In the past month alone, she hosted a family gathering with the purpose of compiling genealogy records together, helped to organize a Trunk or Treat with the McKees Rocks Events Committee and put together a fundraiser for the Kennedy Garden Club.


Sandy has lived in McKees Rocks for her whole life, except for two years when she lived in Alexandria, Virginia, when her husband was in the military. She studied biology in the 1970s and graduated from Thomas Jefferson University with a degree in cytology.

Sandy used a microscope to diagnose cancer cells.


“I miss my microscope,” Sandy said.


With UPMC Passavant’s World Health Mission, she went on several humanitarian trips to the city of Jos in Nigeria throughout the 1990s. Sandy taught nurses there how to perform pap smears, and her fellow staff members focused on other elements of women’s health like mammograms. She went on three of these trips. The final time, her hotel was evacuated at midnight because extremists with machetes had slaughtered staff at the hospital where she’d been volunteering.


In 2007, she was the founding member along with Victoria Batcha of the historical society at

the urging of Taris Vrcek, the head of the McKees Rocks Community Development Corporation.


“I had been working with him to manage his website for a while,” Sandy said. “I’m into a lot of stuff so people tend to find me.”


She retired from cytology in 2013 and has dedicated the majority of her time to her volunteer pursuits.


The accomplishment she’s most proud of is the continued existence of the historical society.

There are 23 members of the society, though neighbors Saban and Batcha still do the majority of record-keeping and fundraising.


“With the historical society, it’s me and Vicki sitting at this table every morning,” Saban said.

Saban said it’s hard to get people to volunteer.


“That being said, there’s a lot of people in McKees Rocks who are doing a lot of good things that nobody ever knows about. So I don’t mean to sound bad that people aren’t helping,” Saban added, softly, “but people aren’t helping.”


She is deeply invested in preserving the culture of McKees Rocks. Saban said the beautiful churches built by immigrants in the Sto-Rox area used bells, not only letting residents know what time it was but also of events in the neighborhood.


At 6 p.m., if the bells rang, people knew someone in the parish had died.


“They bring you back to mindfulness,” Saban said.


This shared experience reminded people they were part of a community and of their own mortality. The bells “changed the air.”


Saban said she’s trying to live in a way that pays off all her karma. On the day of our interview, Sandy was spending the afternoon with a friend who has dementia. Throughout our talk, the friend kept referencing a piece of paper with the day on it, and said, “It’s Wednesday.”


They spend most days together. Saban helps to make sure she is safe, and the friend helps with chores around her house.
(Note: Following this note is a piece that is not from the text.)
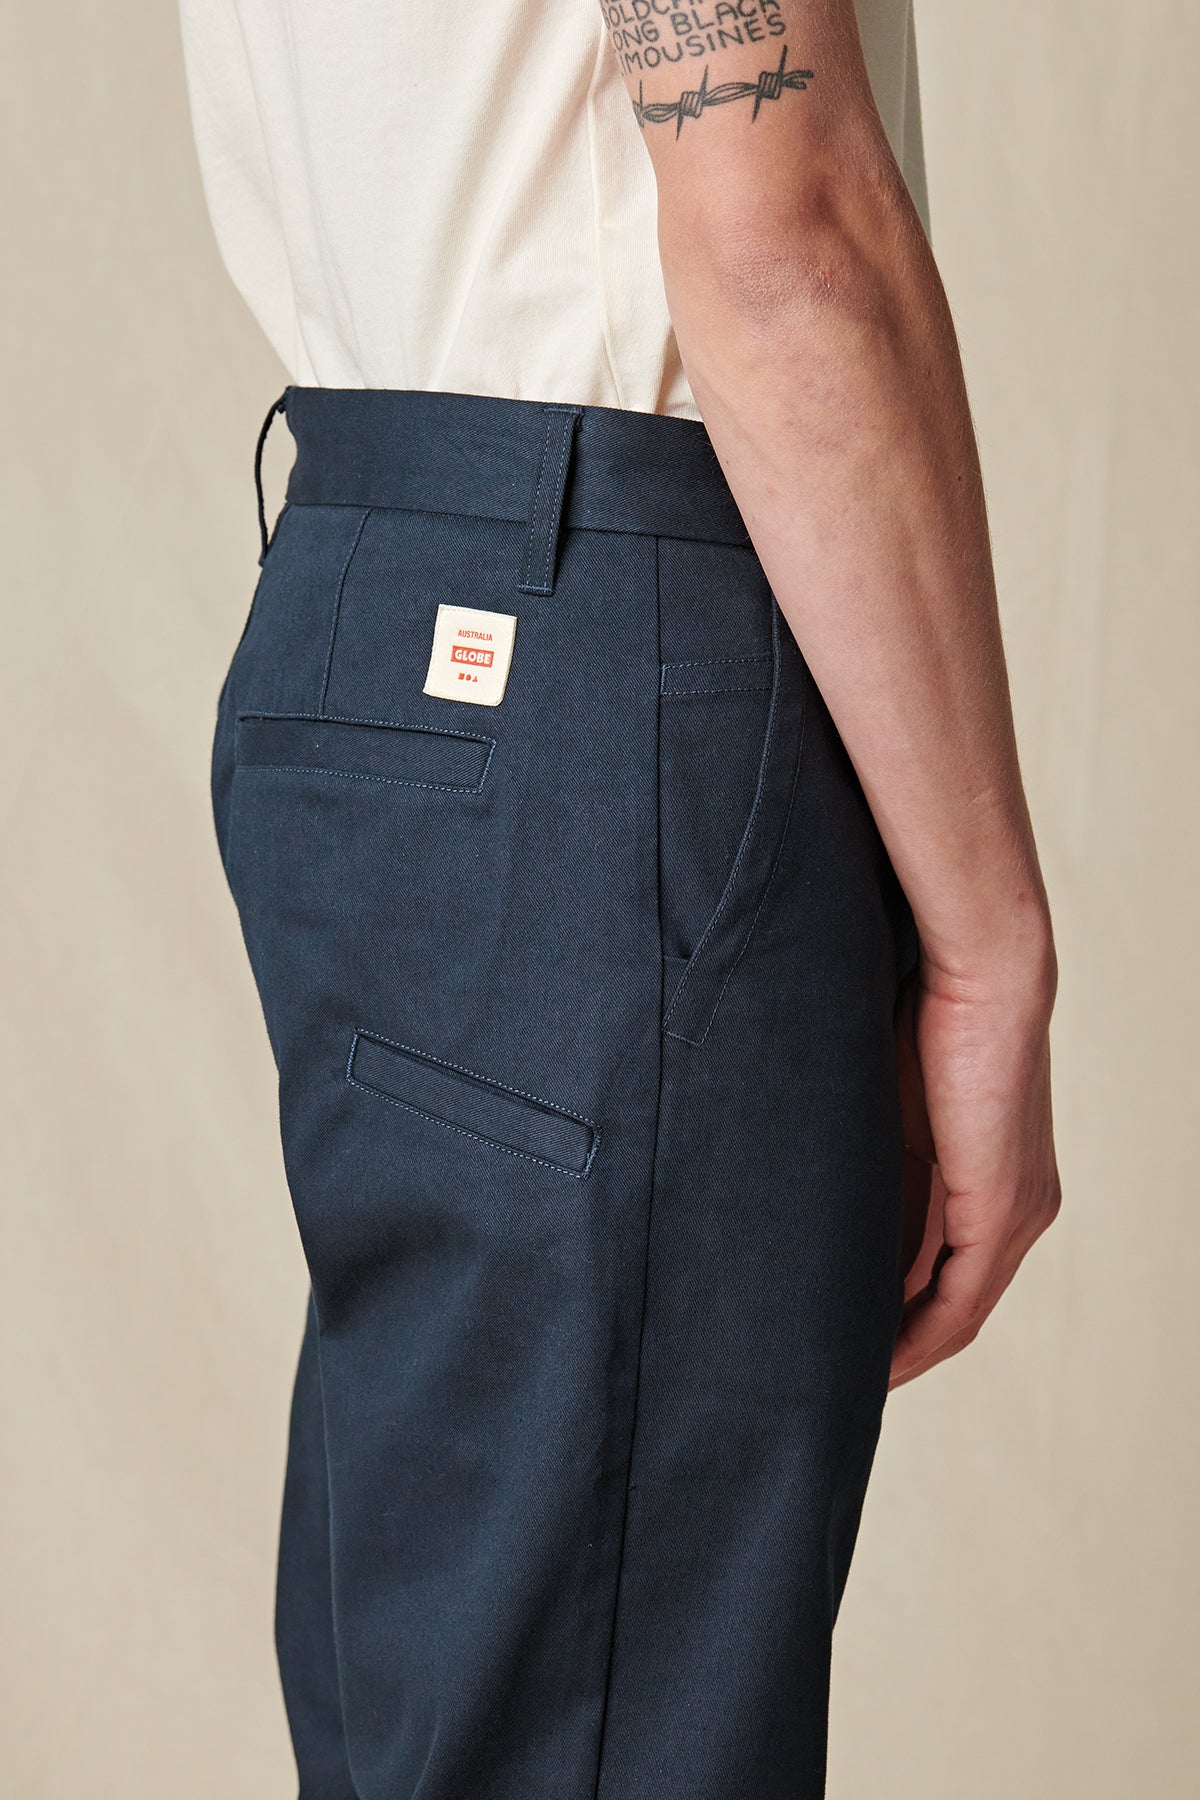 back pocket detail of Navy Globe Pants.

Saban has taken care of many people in her life, many at the end of their lives. She’s lost a spouse and a child, along with many, many friends. Saban talked about all the different friends who have given her the fairy decorations hidden around her home. Many of those friends are now gone. For someone who has dealt with profound loss both personally and within the community she loves, she’s realistic but not embittered.


“I grew up in the Rocks in a time when the Rocks was a great place to live and it’s hard for me sometimes to see what it has become, but I still have hope that it can come back to the way it was,” Saban said.